In that rant she demanded that we reject all sorts of hip artists who were challenging a wide variety of repressive mores that shackled both women and men.  I was involved with Weatherman and other hard core radicals in opposition to the war in Vietnam.

I was a part of the alternative culture.

A couple of years ago I reread The Feminine Mystique and discovered that Betty Friedan put down this one young woman who rejected the mystique by becoming part of the Beat Movement.

There seemed to be something very privileged about the feminist movement of the early 1970s with so many leaders from the Seven Sisters private universities.   There was a sort of academic detachment.

Yet women, myself included found aspects of feminism that did touch our lives.  Even if it was the equal pay for equal or even work requiring the same levels of skill.  Control over our own lives.

As early as 1974 when Jane Alpert wrote “Mother Right” there was the start of s schism between women who were fighting for rights and equality, and those women whose idea of feminism seemed to simply impose another set of strict rules of behavior.  Meet the new boss, same as the old boss.

The right to say no is meaningless if one does not have the right to say yes.  The feminist policing of personal style as well as conduct was odious to many.

The snotty use of “politically correct” did not come from the right wing initially but rather from women who were fed up with having to obey a party line or face criticism.

The phrase, “feminism is the theory, lesbianism is the practice” may not have killed second wave feminism but it was deeply harmful.

I was involved with the Women’s Building in Los Angeles.  I took classes there.  I watched as the whole Wicca/New Age stuff replaced the idea of working for serious political change.

I was a photographer.  I would have liked to earn a living at it.  The women artists I met  at the Women’s Building wound up taking classes about finding the goddess within.

I took classes on money hoping to learn how to apply for grants from places like the NEA.  Instead the classes taught me about self-affirmations.

Mary Daly wove this fantasy and at the same time was a major force in the separatist movement that was about disengagement from society and the formation of these cult like collectives.

It sometimes seems at though the real feminists left things like “women’s studies” for Law School, Medicine, Art School etc.

Add in Dworkin and Mackinnon along with a few others touted as leading voices.  Tell women they have been brainwashed by male supremacist socialization and that instead they should give their lives over to a cult and you have a prescription for the destruction of a movement.

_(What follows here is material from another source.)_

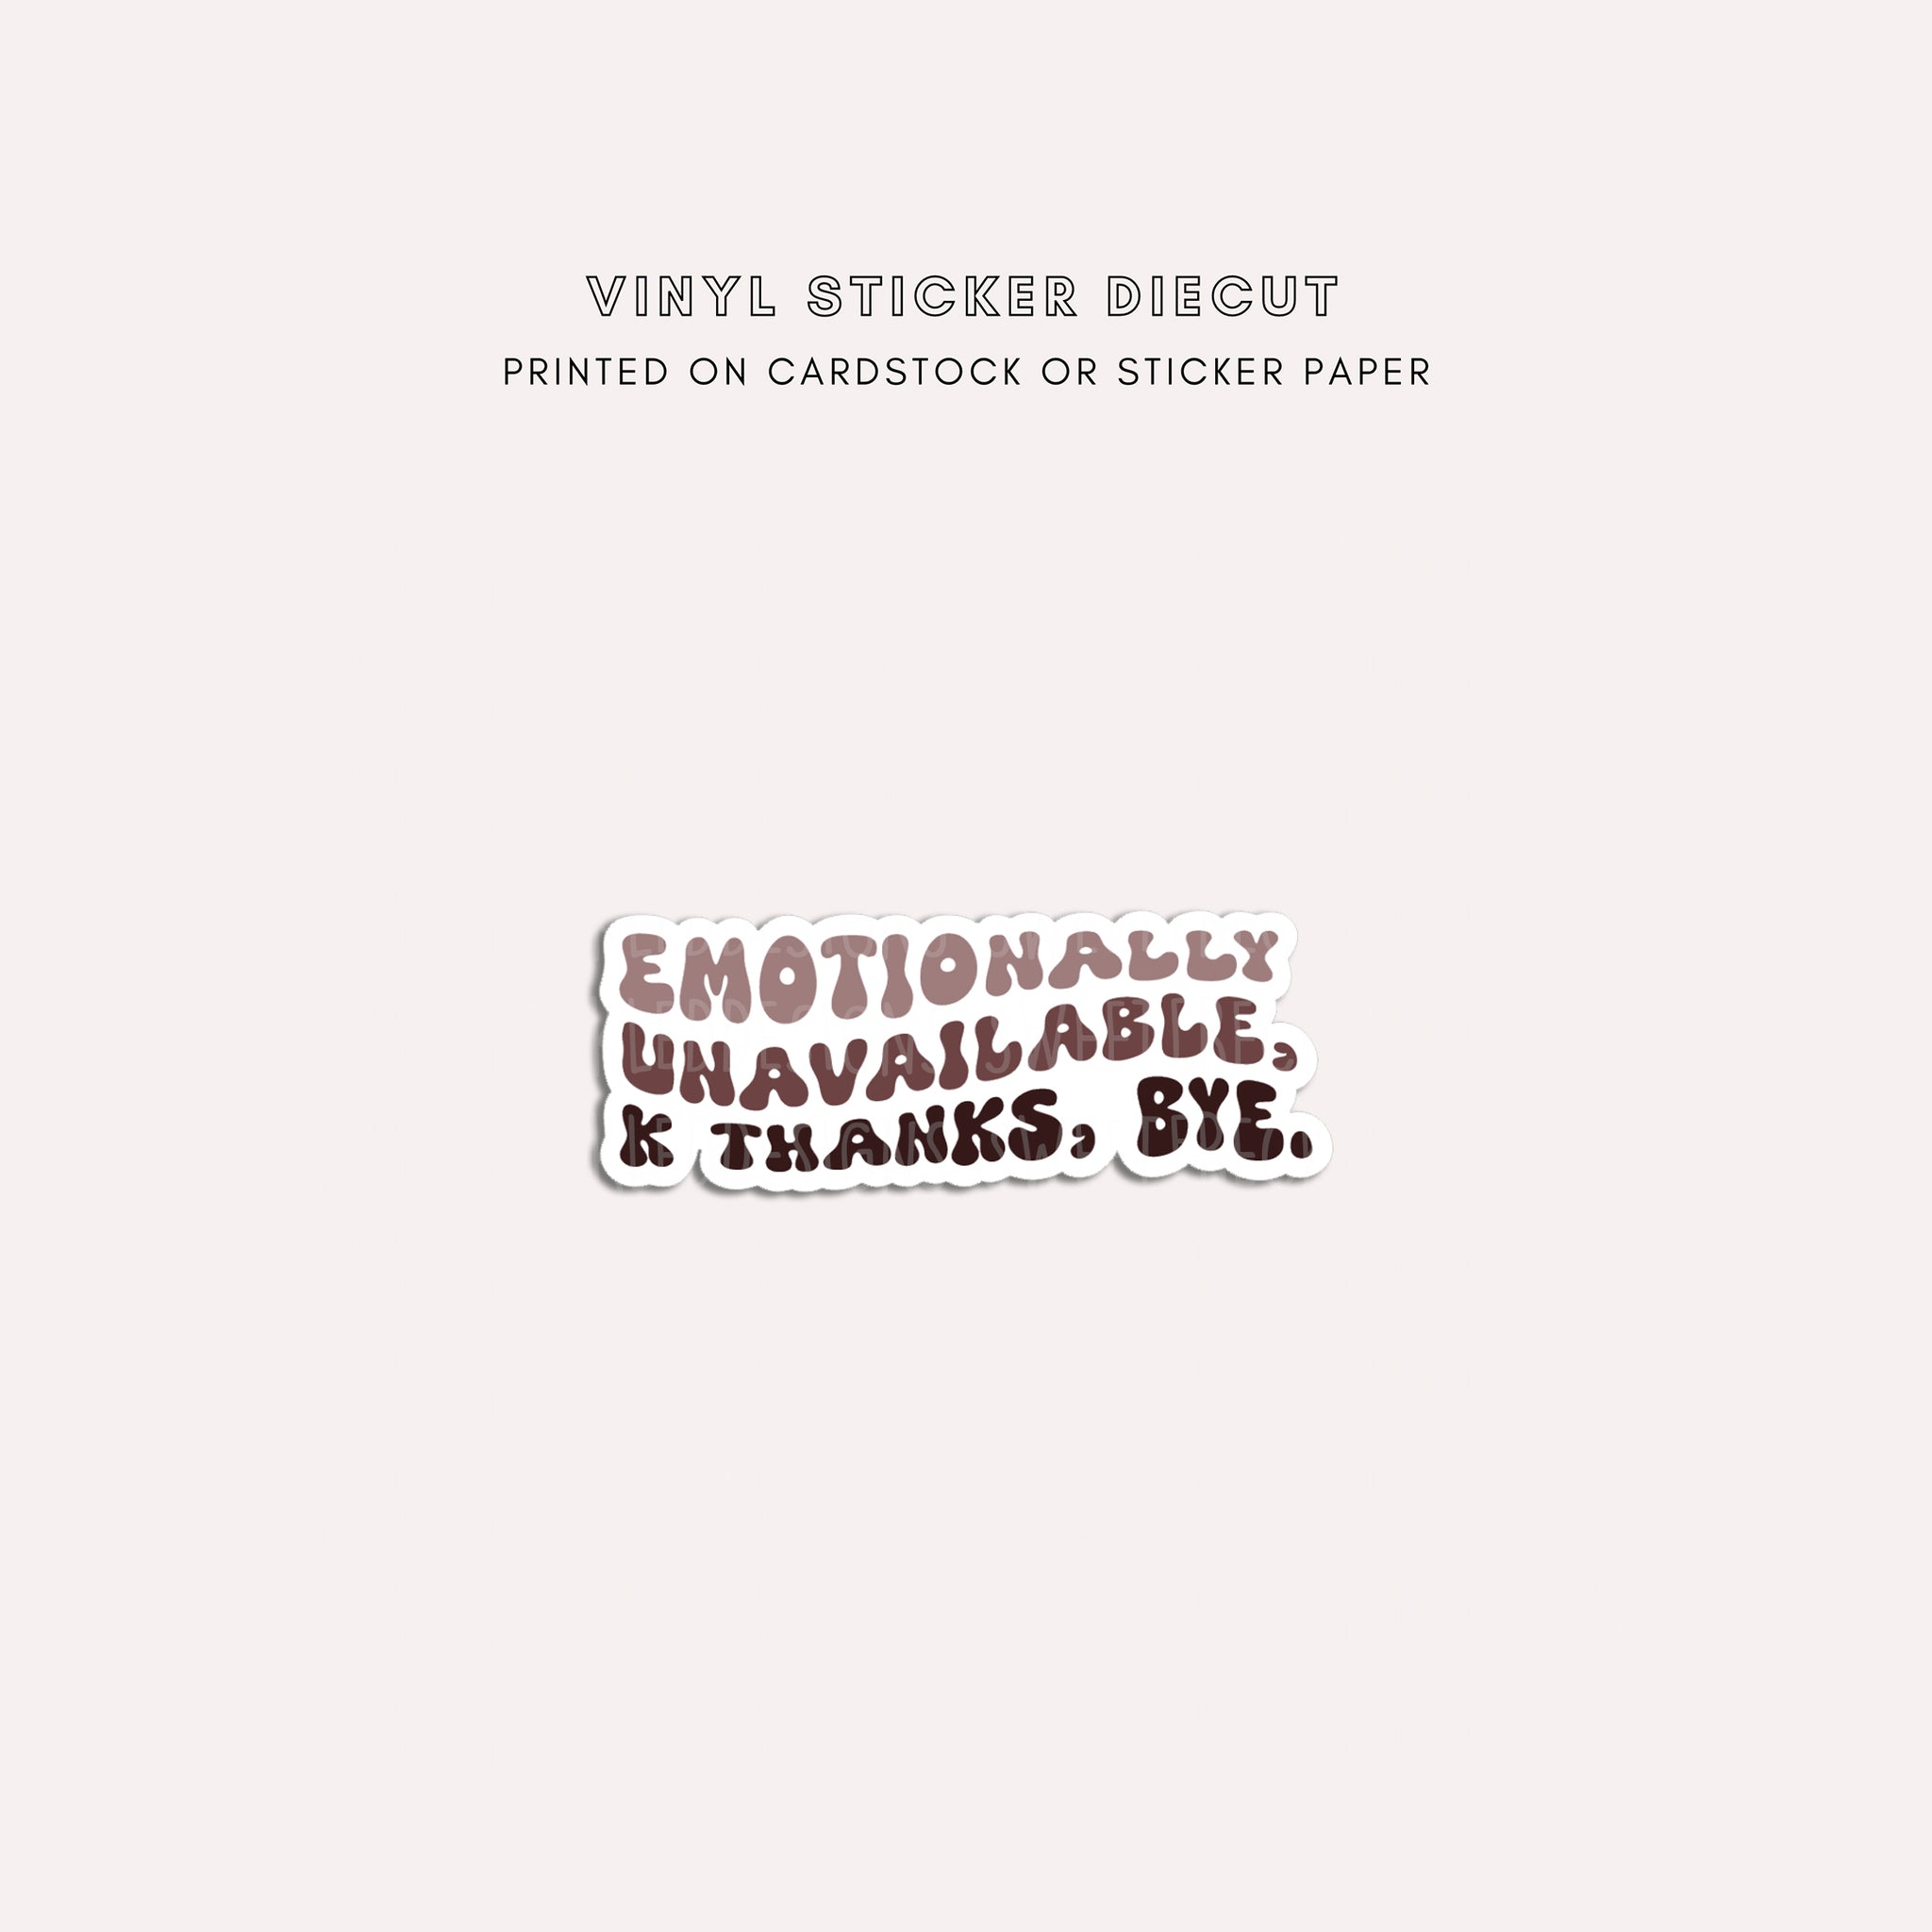 Vinyl Sticker Diecut - Emotionally Unavailable

While Daly and others described themselves as radical feminists they had little in common with the real radical feminists of the late 1960s and 70s because rather than working for societal change they buried themselves in increasingly alienated fields of academic endeavor where all outside criticism was denounced.

While this isolating in a cult never resulted in the self destruction of say a People’s Temple (Jim Jones) it did help turn feminism into something to be ridiculed.